But this would be very overt, very clumsy, and the site the links would originate from probably wouldn't be much of a site in terms of content, reputation, and traffic. It would be pretty obvious, given the parameters you list, what was really going on.
Let's suppose that a well known site charity that is completely whitehat decides to start selling links to raise revenue needed for their cause. The pages these links would originate from are 1. old, 2. have very low traffic, 3. have high pagerank (pr6, pr7).
If a webmaster decides to buy links from such a site and his/her own site has nothing to do with the charity (and would not get much related traffic as a result), then the webmaster would probably be buying them for the purpose of getting pagerank. But the seller (the charity site) might not even know what the heck pagerank is. So, one party is selling links for revenue, one party is buying links for pagerank. How does google look at this?
Let's adjust the scenario and say that the seller states "our pages are wellranked in google, have high pagerank, and will probably help your own site rank well in google". What then? Is the seller guilty of selling pagerank versus advertising links?
What if the seller simply says "drive traffic to your site by buying a link from our site which is highly valued by google? What then?
I DON'T think it's easy for google to identify paid links or to distinguish between links that have been bought for advertising versus links that have been bought for PR.
Google can catch the ones that are obvious schemes conducted by idiots.

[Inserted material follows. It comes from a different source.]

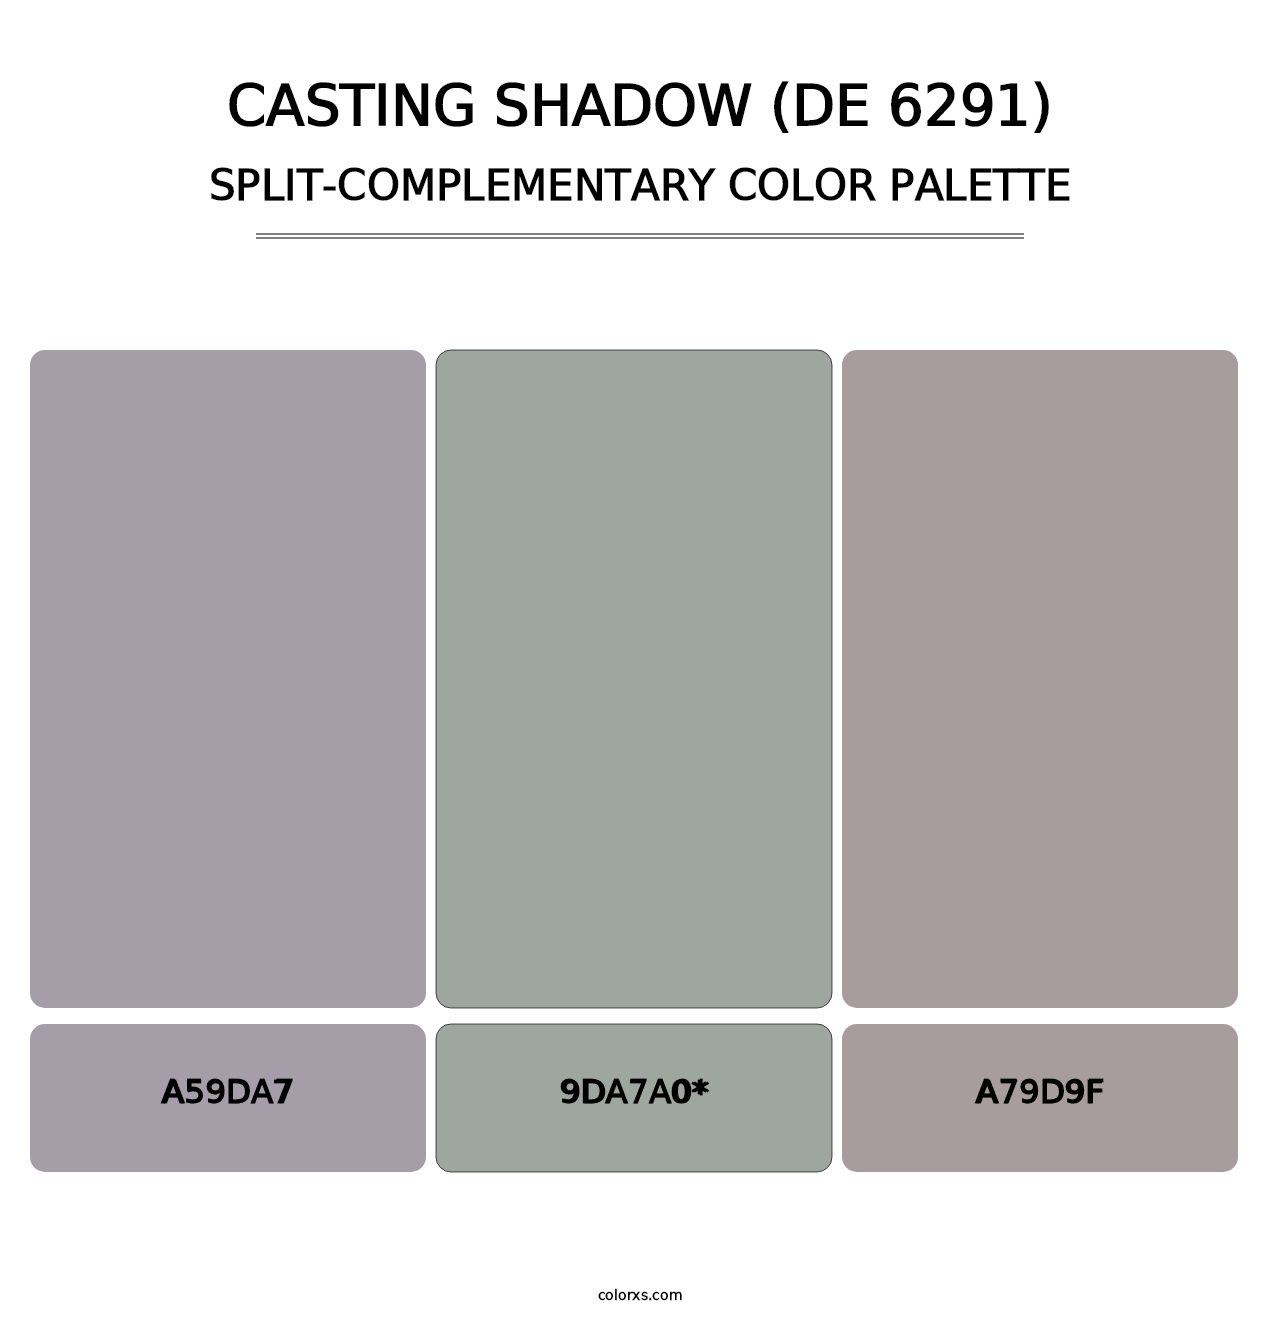 Casting Shadow (DE 6291) - Split-Complementary Color Palette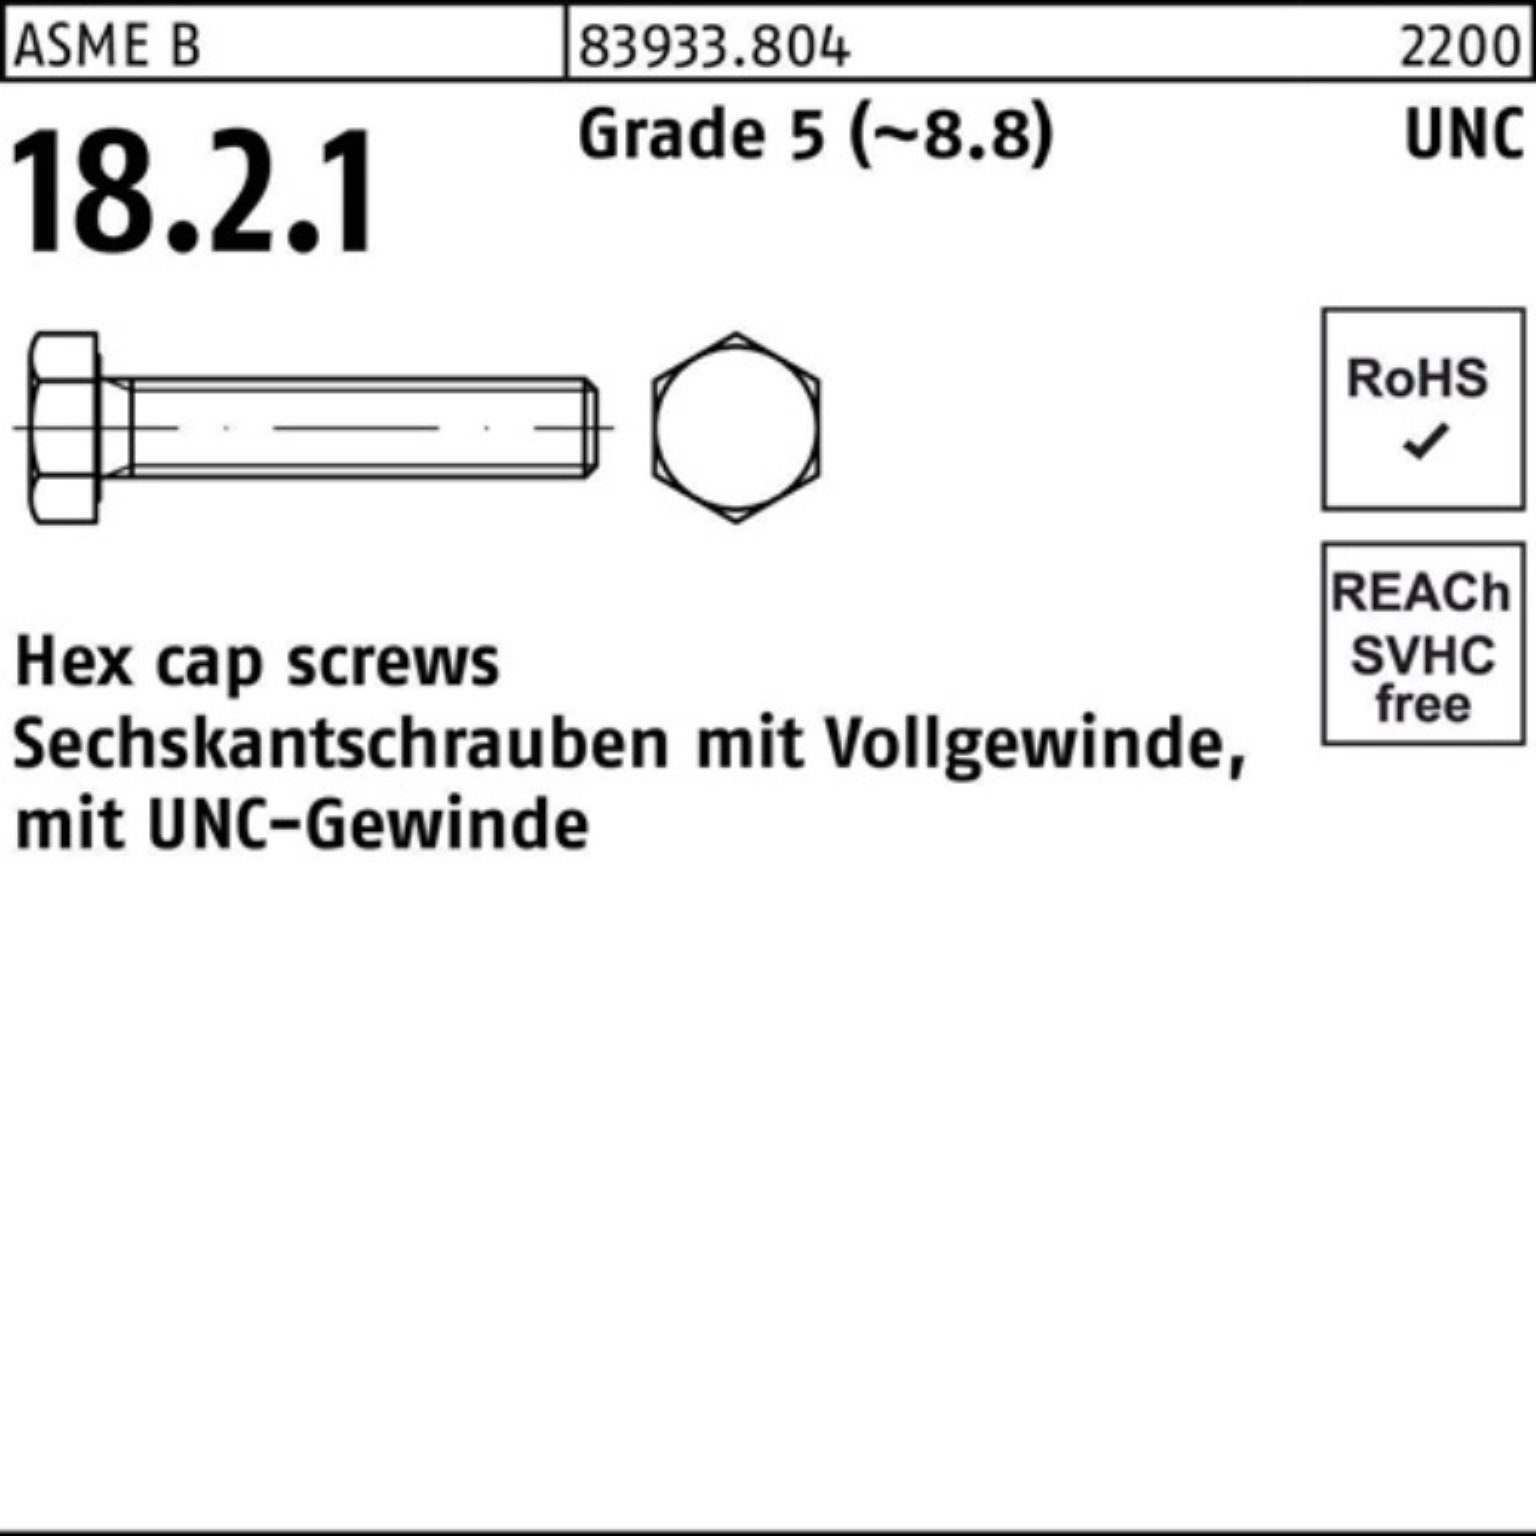 Reyher Sechskantschraube 100er Pack Sechskantschraube R 83933 UNC-Gewinde VG 5/16x 1 1/4 Grade

| 5:08 pm on Nov 5, 2006 (gmt 0)|
Interesting topic, since the discussion of the -30 serp penalty came up in webmaster world we looked at our sites and noticed a few keywords in the serps were like that for our sites. After looking at the pages and determining that they were within the guidelines we took a close look at the sites that replaced us and deterimened they had more content than we did. So we added a few more pages that we felt would be useful to the person on the site and a week later the pages were indexed and we went from -30 to the top 10 once again.
Sometimes a drop in ranking can be from your competition having just a bit more useful content. Check the sites that replaced you... Do not always assume its a penalty on your site....
| 5:38 pm on Nov 5, 2006 (gmt 0)|
interesting idea, but the -31 position is right across the board, it doesn't just affect a few pages but an entire site. Even if you search www.site.com it will come up at 31, with 3 pages of other sites before you, they have your url on one of their pages.
So as an example say for a range of keywords your site would come up say, 6, 3, 2, 9, 12, 5 etc in the returned search results for the various keywords. Now it will come up exactly position 31 for each of them. Its not that G has added 30 spots to previous results, it places you at exactly 31 for them.
Also, if say you came up 49 for a search term, you still come up 49. It only seems to affect results that you did relatively well for.
| 7:08 pm on Nov 5, 2006 (gmt 0)|
trinorthlighting, congrats! I wish it were that simple in most cases. 99%+ of my penalized pages have more useful & original content than my competitors in relation to similar pages (my opinion).. yet I am still #31. How odd.. always that special #31.. :)
Also, I think is it clear that the -31 is a penalty.. because most of us under it have our domain results as #31 as well. It's impossible for 30 pages to rank more relevant searching for your domain.
.. to be continued.
Anyways.. this thread is about letting us know of our penalties that do not appear on the guidelines yet can cripple valuable sites.
Let's keep the -30 stuff in the -30 topic
[edited by: AustrianOak at 7:11 pm (utc) on Nov. 5, 2006]
| 7:20 pm on Nov 5, 2006 (gmt 0)|
|So as an example say for a range of keywords your site would come up say, 6, 3, 2, 9, 12, 5 etc in the returned search results for the various keywords. Now it will come up exactly position 31 for each of them. |
Not quite how I saw it when it happened. It's not 'The 31 Penalty' its 'The -31 Penalty'. I'm sure others will report different and so on.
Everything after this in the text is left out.